HA is the ability of VMware to power on VMs on another ESX host in case one or more hosts fail in a cluster. Some of the things that you need to know about VMware HA are:
- HA Calculations: HA is based on what is called a “slot”. A slot is basically a reserved space for running a VM in the cluster. Two features that determine a slot are CPU and RAM used by VM. By default VMware HA selects the slot size to be the largest chunk of CPU and RAM used by a VM as shown in the diagram below. HA uses this to determine the number of slots available in the cluster to run the VMs in an HA event. The default selection can be changed by modifying the following advanced attributes:
das.slotMemInMB – Change the memory usage by a VM for slot calculations
das.slotCpuInMHz – Change CPU usage by a VM for slot calculations
- First 5 hosts in a cluster are designated as Primary for HA. At least 1 node in the cluster is selected as Active Primary.
- HA agent is installed on the ESX host and polls for heartbeat every second by default.
- Failure is detected if no heartbeat is received in 15-seconds
- Isolation Network is polled every 12 seconds after which host is designated as Isolated. Service Console default gateway for ESX and VMkernel default gateway for ESXi are pinged for detecting isolation. You can also designate other addresses by modifying das.isolationaddress include other destination in the detection process.
- Admission Control Policy: Ability to reserve resources for HA. You can use Host, VM Restart Priority to control admission policy. VM Restart priorities are defined as
- High – First to start. Use for database servers that will provide data for applications.

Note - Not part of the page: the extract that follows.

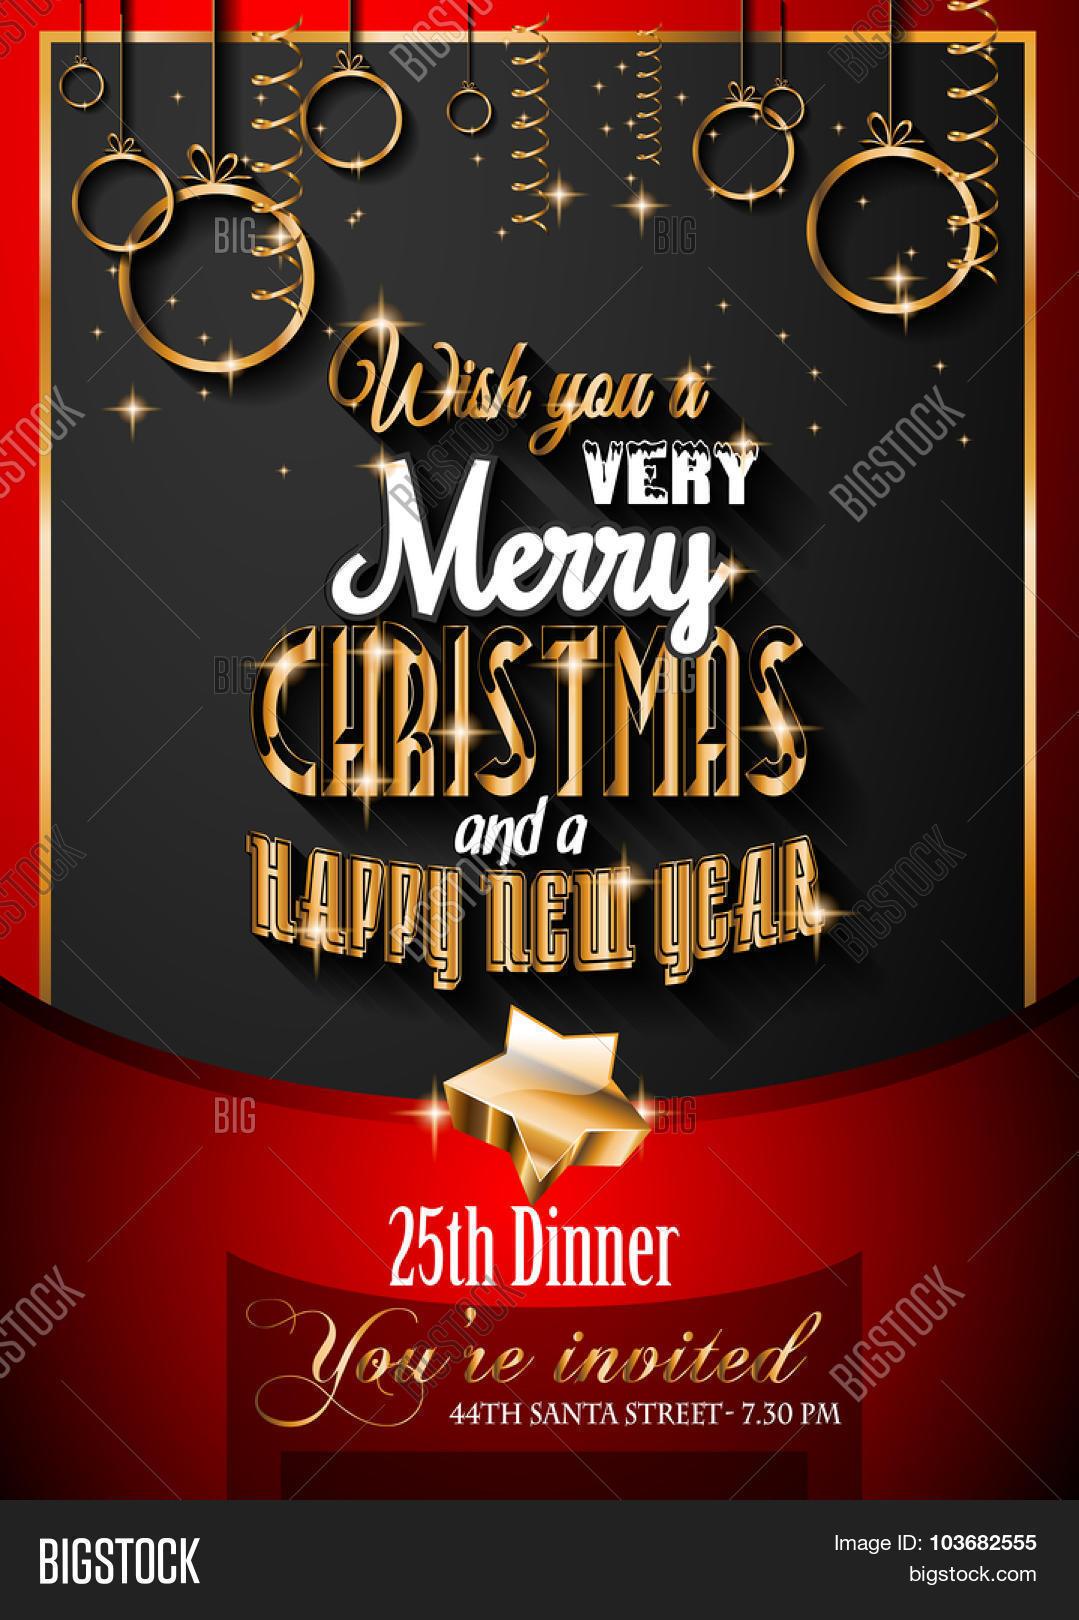 Christmas Restaurant Poster.Seasonal Christmas Vector Photo Free Trial Bigstock

- Medium – Start second. Application servers that consume data in the database and provide results on web pages.
- Low – Start Last Web servers that receive user requests, pass queries to application servers, and return results to users.
- Disables admission control: If you select this option, virtual machines can, for
- example, be powered on even if that causes insufficient failover capacity. When
- this is done, no warnings are presented, and the cluster does not turn red. If a cluster has insufficient failover capacity, VMware HA can still perform
- failovers and it uses the VM Restart Priority setting to determine which virtual
- machines to power on first.
- Enable port fast (Cisco) on the switches as best practice for bypassing spanning tree delays.
- VM Monitoring – HA also has the ability to monitor VMs but requires that VMware Tools be installed and running. Occasionally, virtual machines that are still functioning properly stop sending heartbeats. To avoid unnecessarily resetting such virtual machines, the VM Monitoring service also monitors a virtual machine's I/O activity. If no heartbeats are received within the failure interval, the I/O stats interval (a cluster-level attribute) is checked. The I/O stats interval determines if any disk or network activity has occurred for the virtual machine during the previous two minutes (120 seconds). If not, the virtual machine is reset. This default value (120 seconds) can be changed using the advanced attribute das.iostatsInterval.